Needleman suggests that for lovers, real sustenance is to be found in the cool embers of daily life -- and in the mature, sustained love whose deeper purpose is to support the search for personal meaning.
I can't wait to read this. Given that my most ardent romantic fantasy lately has been that I am an unwanted spinster in the Old Country and that my father arranges a marriage for me with a kindly widower in the village who actually appreciates my intellectual curiosity and penchant for books, and that he is gentle with me and that we live together in respectful companionship and eventually grow to love each other truly and deeply, you can imagine how hungry I am for this book.
This should be required reading for everyone in America. I think we're all poisoned on some level by the consumeristic mentality that tells us that there's always a "product" out there potentially better than the one we've got, including mates and lovers. It takes conscious and sincere effort to fight against this immature, pervasive and ultimate destructive worldview. I think Needleman's book can do a lot of good in turning our hearts and minds in the right direction.
As someone who is coming closer to ditching my own rather long checklist of requirements for PeaceBang's Ideal Dude, this book could become my new love charter. Perhaps Needleman will persuade me that the only real dealbreaker in a love relationship is the unwillingness to abide together in a spirit of mutual respect and emotional solidarity. Who knows? Maybe we don't all need spiritual, religious, and political compatability, a laundry list of common interests, sexual fireworks, similar earning power and financial prospects, the same level of energy for life, friends and family who get along, and similar taste in food and home furnishings. Hard to believe it, but still, maybe. Or maybe there's a middle ground in there that I and millions of other single people who would like to have a mate need to find.
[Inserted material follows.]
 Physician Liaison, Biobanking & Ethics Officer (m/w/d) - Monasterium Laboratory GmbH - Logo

Having only skimmed it, I can say that this should be in every pastor's library, and in every partnered person's personal collection. Read it with your honey for Valentine's Day with my blessing and appreciation for what you are daring to do in attempting sustained love* in this throwaway culture.
* Needleman's term, intended as a counterpoint to "romantic love."
4 Comments:
I got the same book in the mail, and after struggling to find resources for an adult RE course for couples, I think I've found the very thing! I'm always skeptical about free books that come in the mail, since so many are schlocky spearitchul bs, but this seems like the real deal. Hurray for freebies!
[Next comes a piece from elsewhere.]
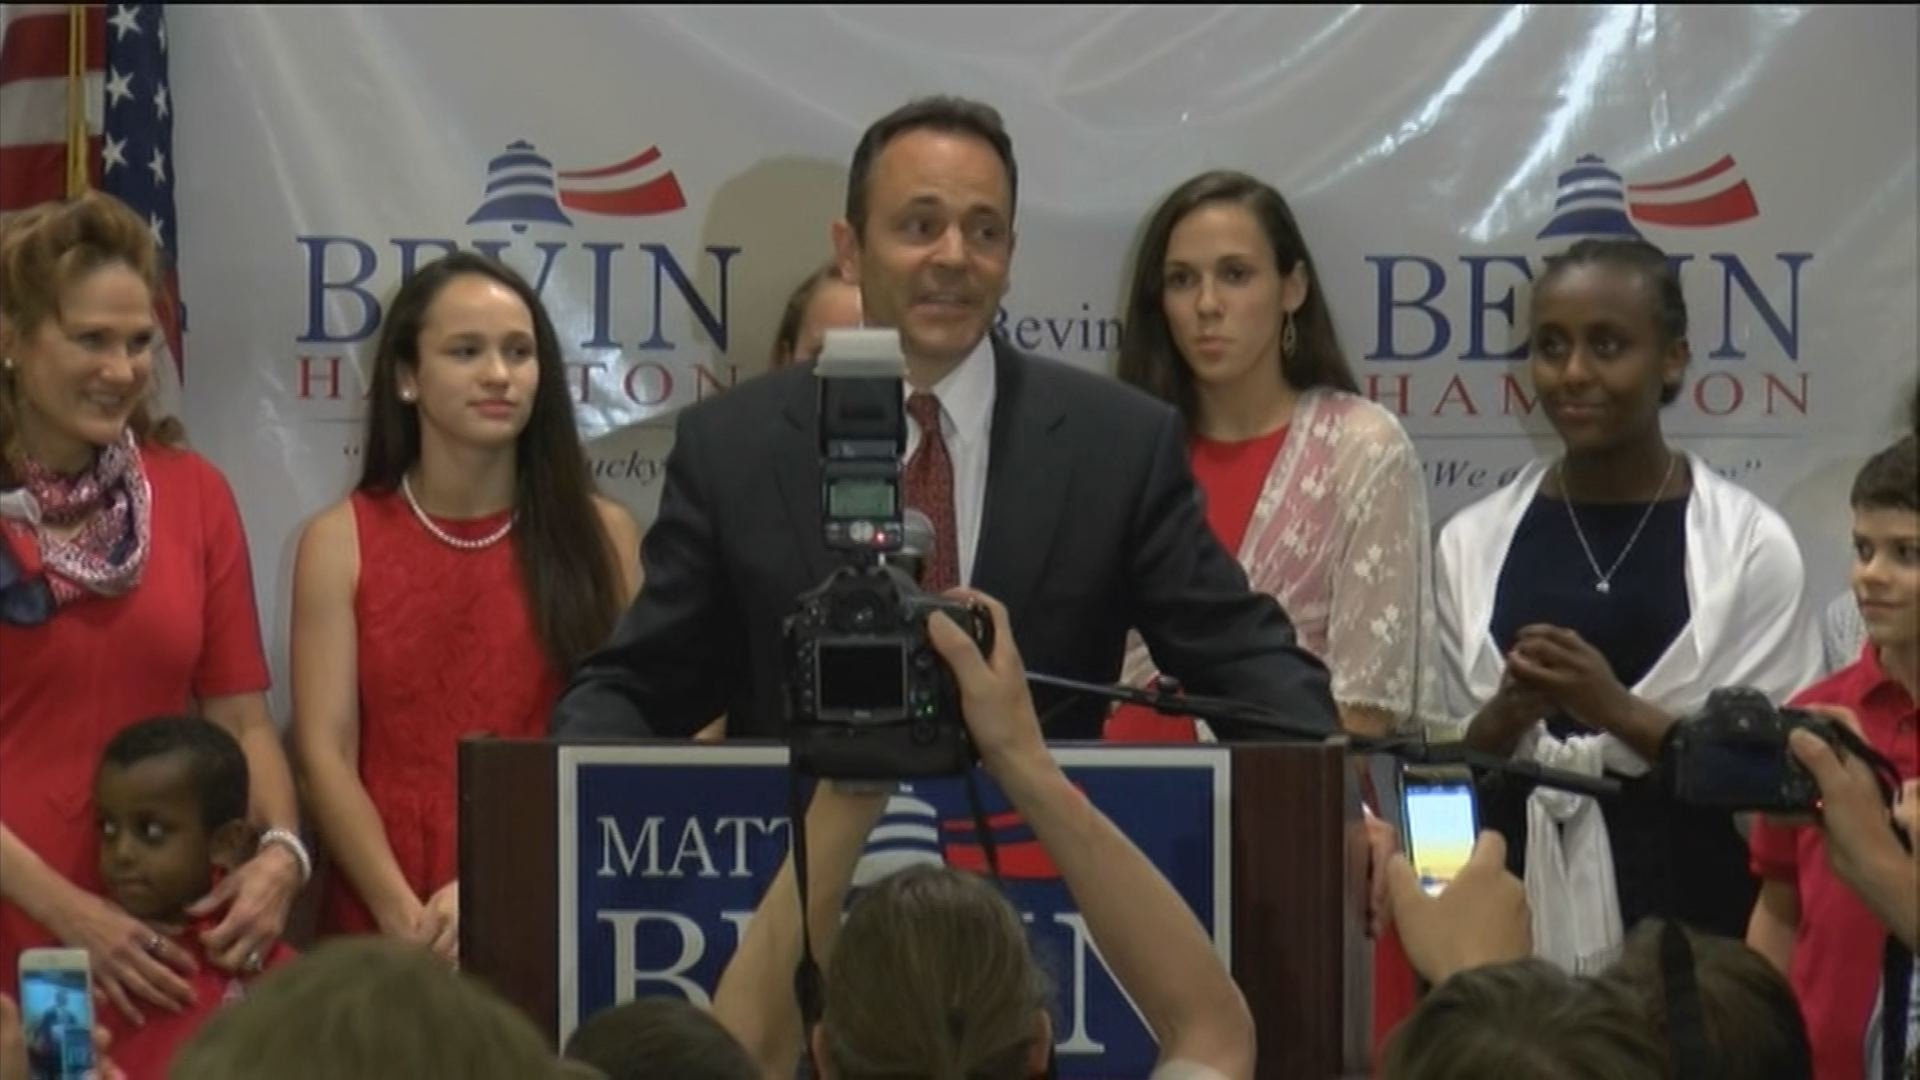 Matt Bevin addresses supporters the night of the 2015 Kentucky GOP gubernatorial primary.

I am reading it and I like it. Which is too bad in a way as I entertained the Church Admin. with an extended monologue mocking it and all its ilk. Ah well, sometimes we are the fool...
I don't understand what the paragraphs on the back cover mean, but the rest makes sense. I like bell hooks book "All About Love," even though by the last chapters it starts to become redundant. Love is an act, she says!
That commodification-of-humans thing is one of my pet themes. I will certainly get the Needleman-- thank you.